• **Raw data**:
● ● ● ● ●

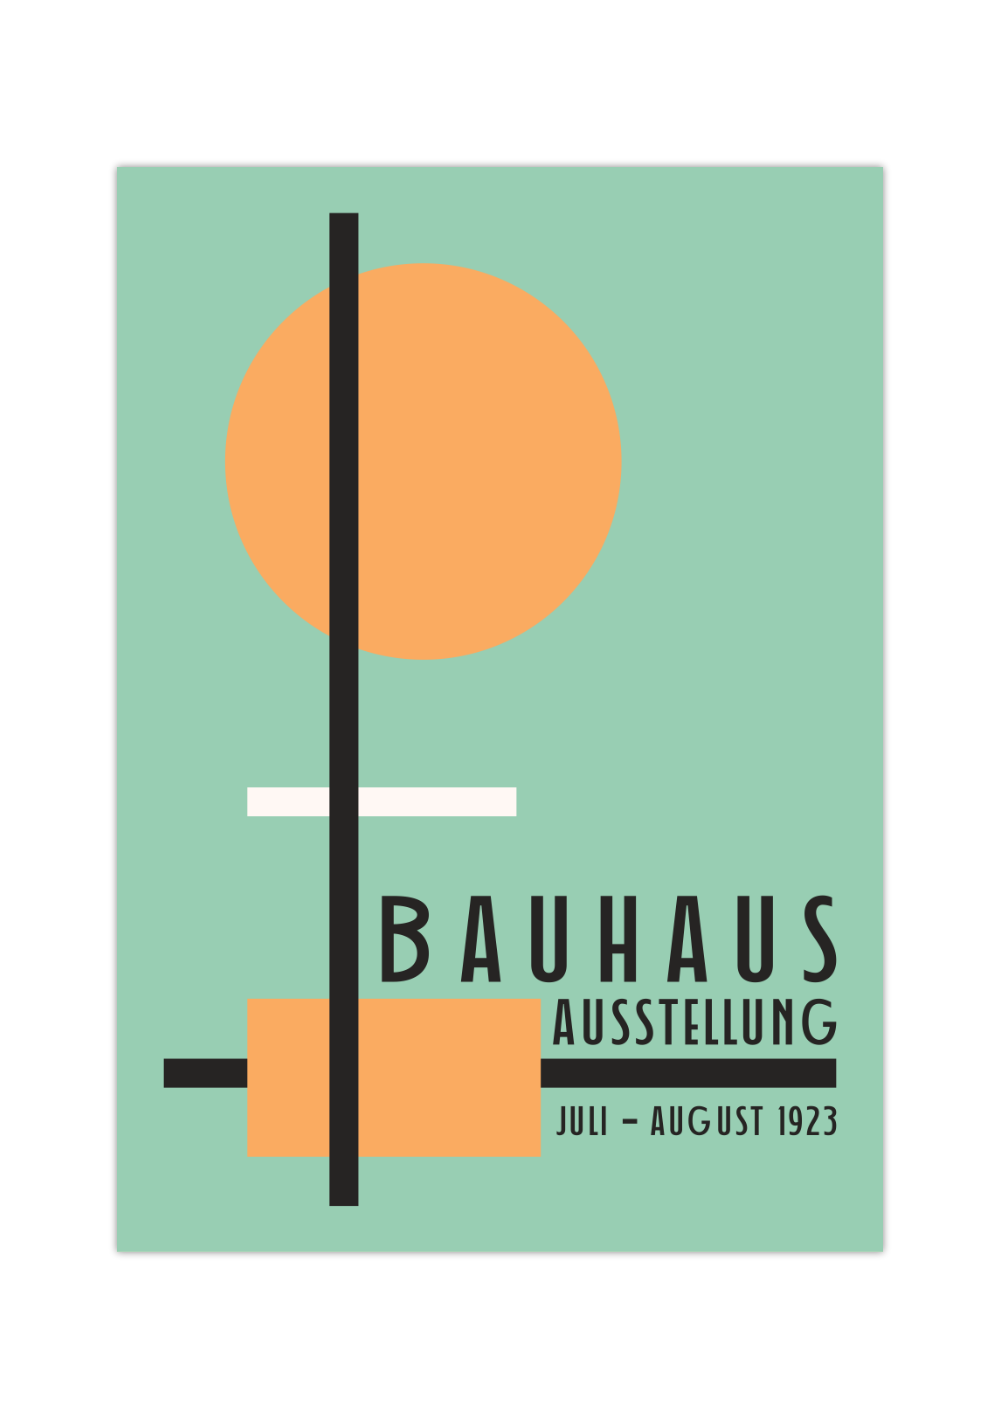 Das Bauhaus Poster zeigt dir unterschiedliche geometrische Formen in Orange, Schwarz und Weiß auf blauem Hintergrund. 
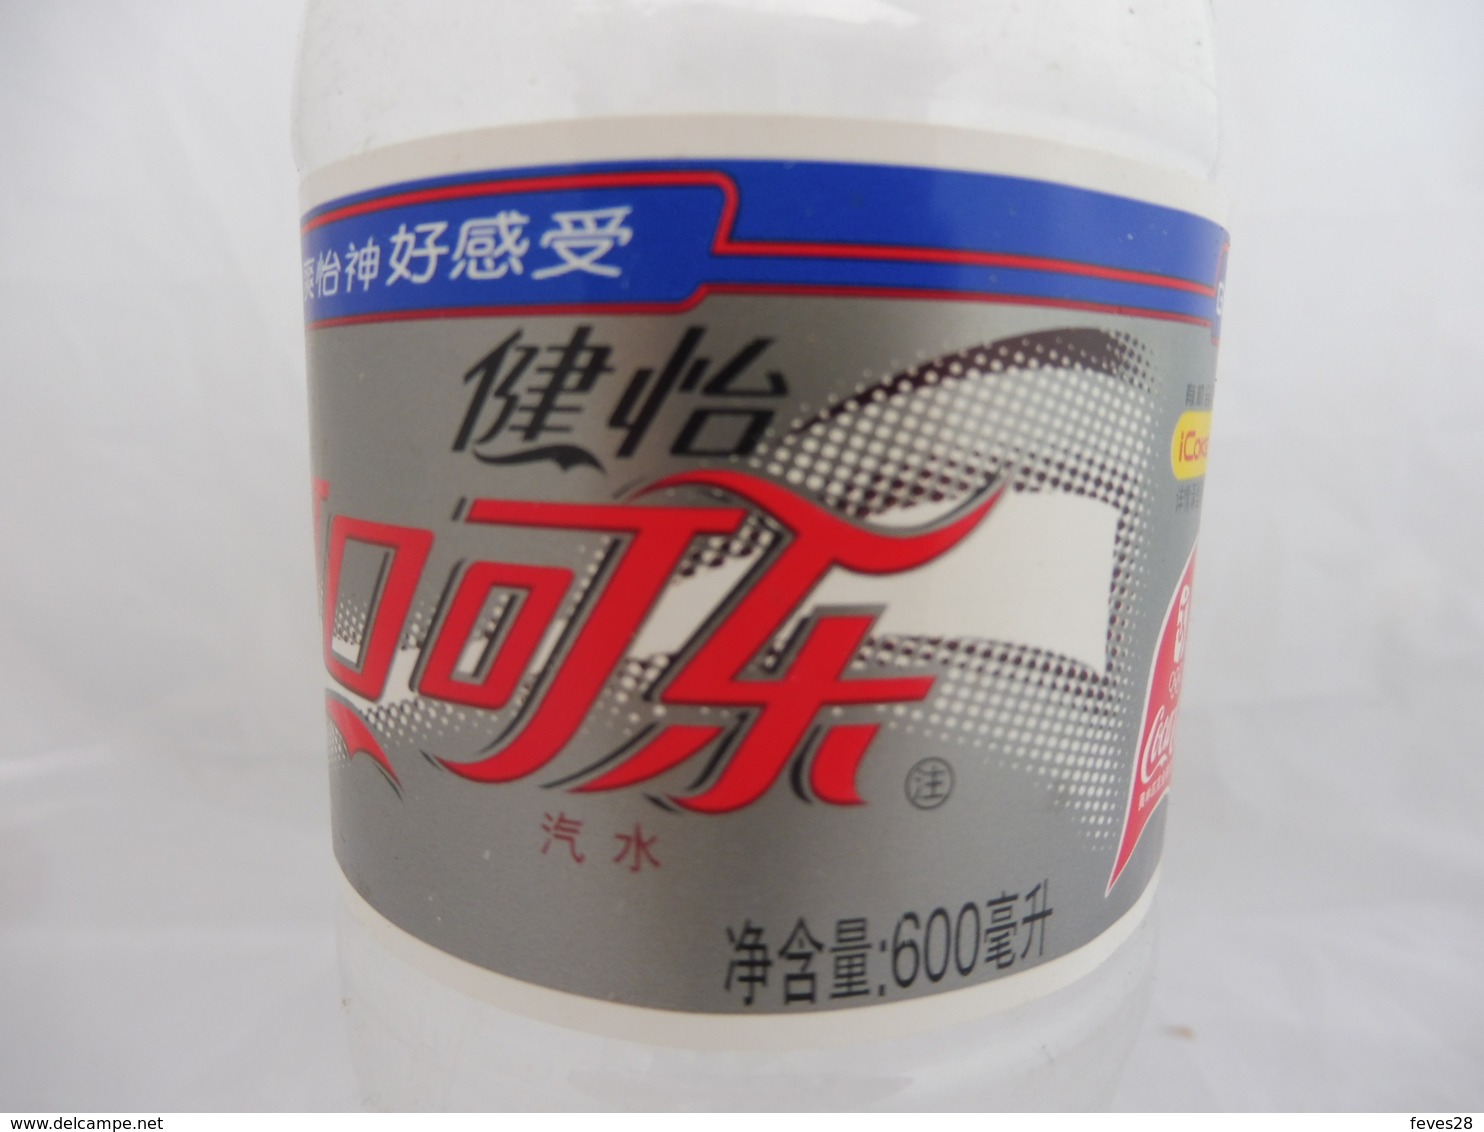 COCA COLA® LIGHT BOUTEILLE PLASTIQUE VIDE 2007 CHINE 0.6L - Bottles
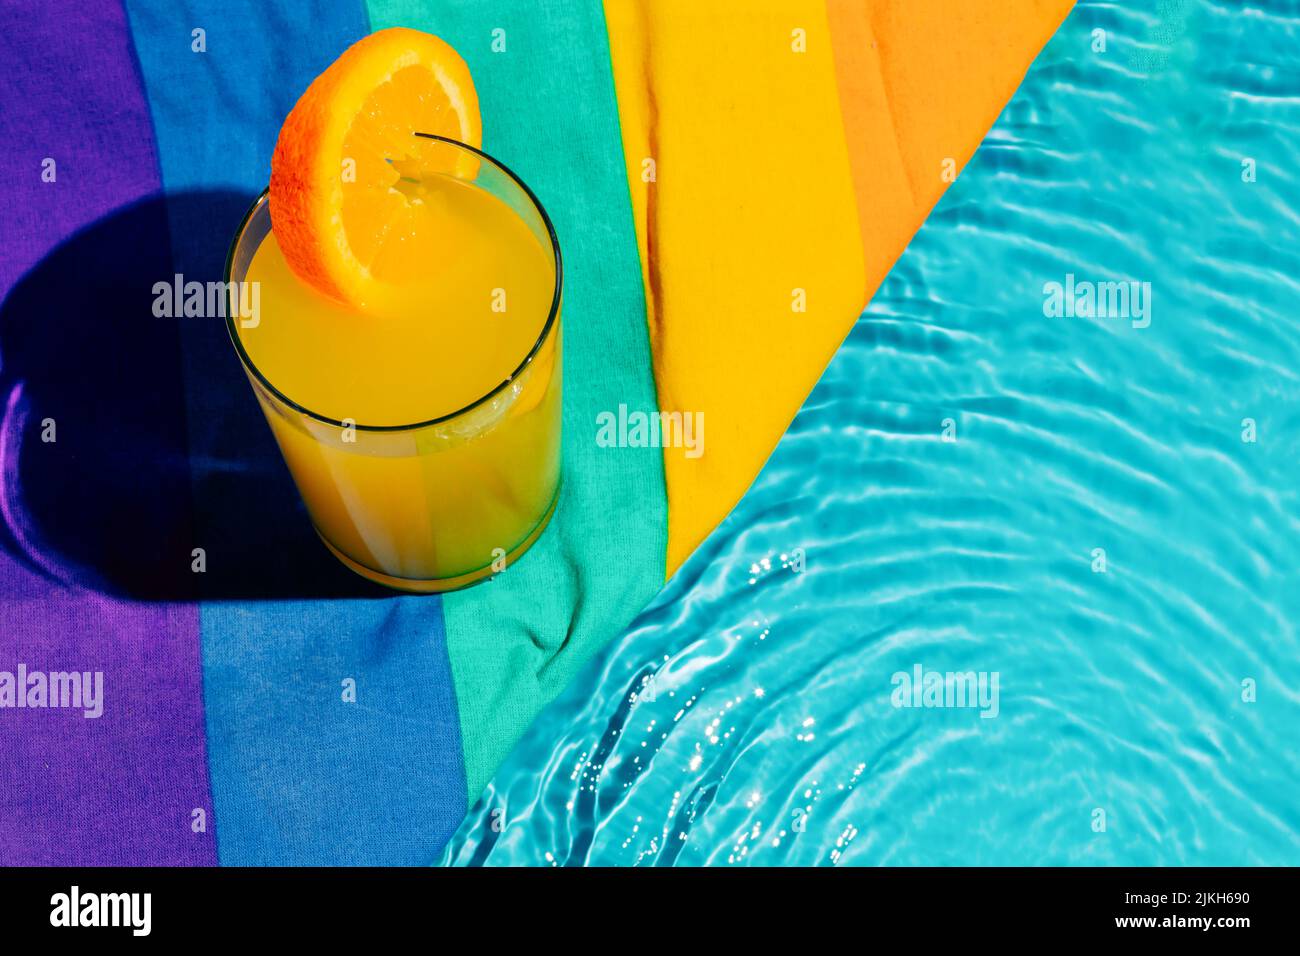 Eine Tasse Orangensaft aus einem hohen Winkel mit orangefarbener Scheibe neben einem farbenfrohen Tuch am Pool Stockfoto
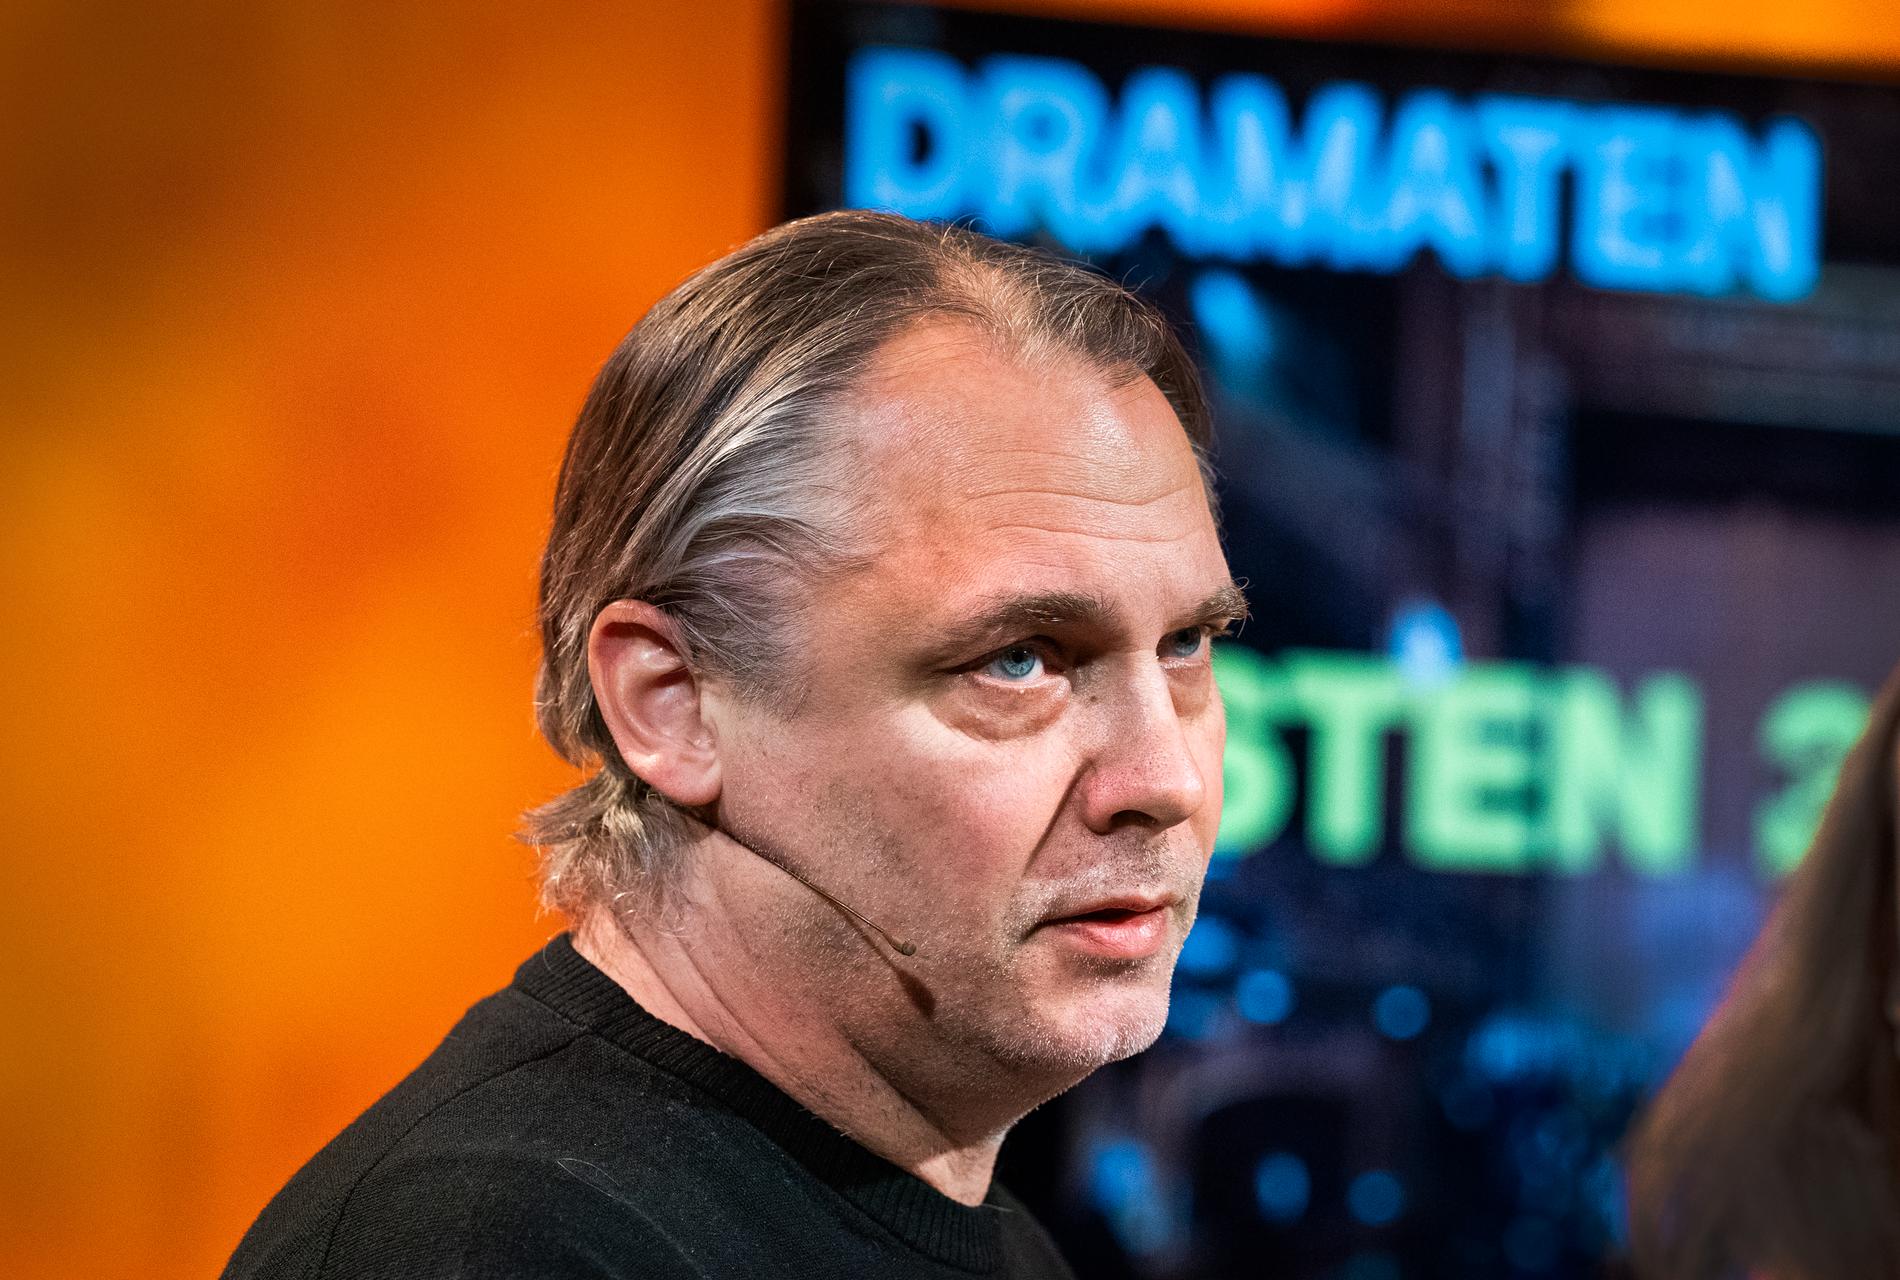 "Risken med minskade anslag är att teaterverksamheten blir mer ängslig", säger Mattias Andersson, chef på Dramaten i Stockholm.

● ● ● ● ●

• **Instructions for the task**:
Word-for-word repeat, images excluded: return all the data.

• **Answer to the problem**:
 Das Bauhaus Poster zeigt dir unterschiedliche geometrische Formen in Orange, Schwarz und Weiß auf blauem Hintergrund. 
 COCA COLA® LIGHT BOUTEILLE PLASTIQUE VIDE 2007 CHINE 0.6L - Bottles
 Eine Tasse Orangensaft aus einem hohen Winkel mit orangefarbener Scheibe neben einem farbenfrohen Tuch am Pool Stockfoto
 "Risken med minskade anslag är att teaterverksamheten blir mer ängslig", säger Mattias Andersson, chef på Dramaten i Stockholm.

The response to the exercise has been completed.